Executive Summary
This blog presents the results of the study evaluating 8x V100S on DSS8440 for different HPC and deep learning applications including HPL, LAMMPS and MLPerf-v0.6 suite. In summary:
The rest of this blog lays out the details of this testing. Note that in the future, the same applications will be run on DSS8440 with RTX GPUs (in place of the V100S), and other tests, like V100S performance on the AMD platform, will also be run.
Overview of the Testbed
The Dell EMC DSS8440 server is an accelerator-optimized server, specifically designed for high-performance computing and deep learning workloads. The NVIDIA V100S is the latest member in the Tesla Volta series and it is a double-width 32G PCIe based GPU card. This blog will present the results of the study evaluating 8x V100S on DSS8440 for different HPC and deep learning applications including HPL, LAMMPS and MLPerf-v0.6 suite.

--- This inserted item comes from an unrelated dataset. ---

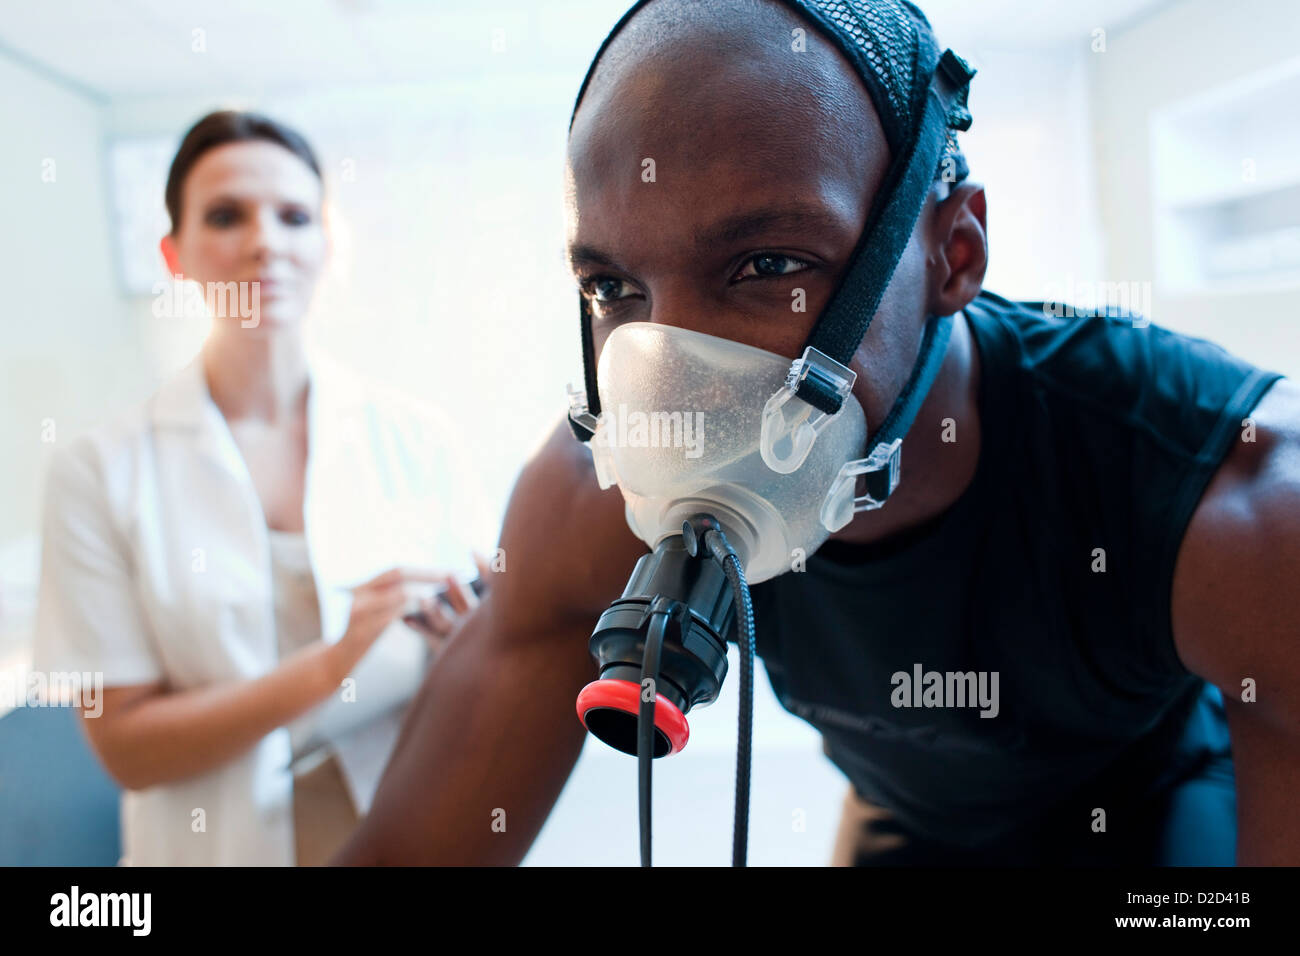 MODEL RELEASED Performance testing Athlete riding an exercise bike while his performance and oxygen consumption are measured Stock Photo

The hardware and software details of the DSS 8440 server tested and the comparison of V100S and V100-PCIe are listed in Table 1 and Table 2.
Table 1: The hardware and software details
Table 2: V100S and V100-PCIe difference in specification
HPC Application Performance
Figure 1: V100S and V100-PCIe HPL results on DSS8440
Figure 1 shows the HPL performance numbers. There is not much difference between V100S and V100-PCIe, because HPL is an extreme stress test application. There is little temperature room for the GPU boost feature, therefore the frequency of the GPUs fall back to the base clock rate very quickly. Because V100S and V100-PCIe have almost the same base clock rate, for GPU compute bounded applications like HPL, V100S delivers about the same level performance as V100-PCIe.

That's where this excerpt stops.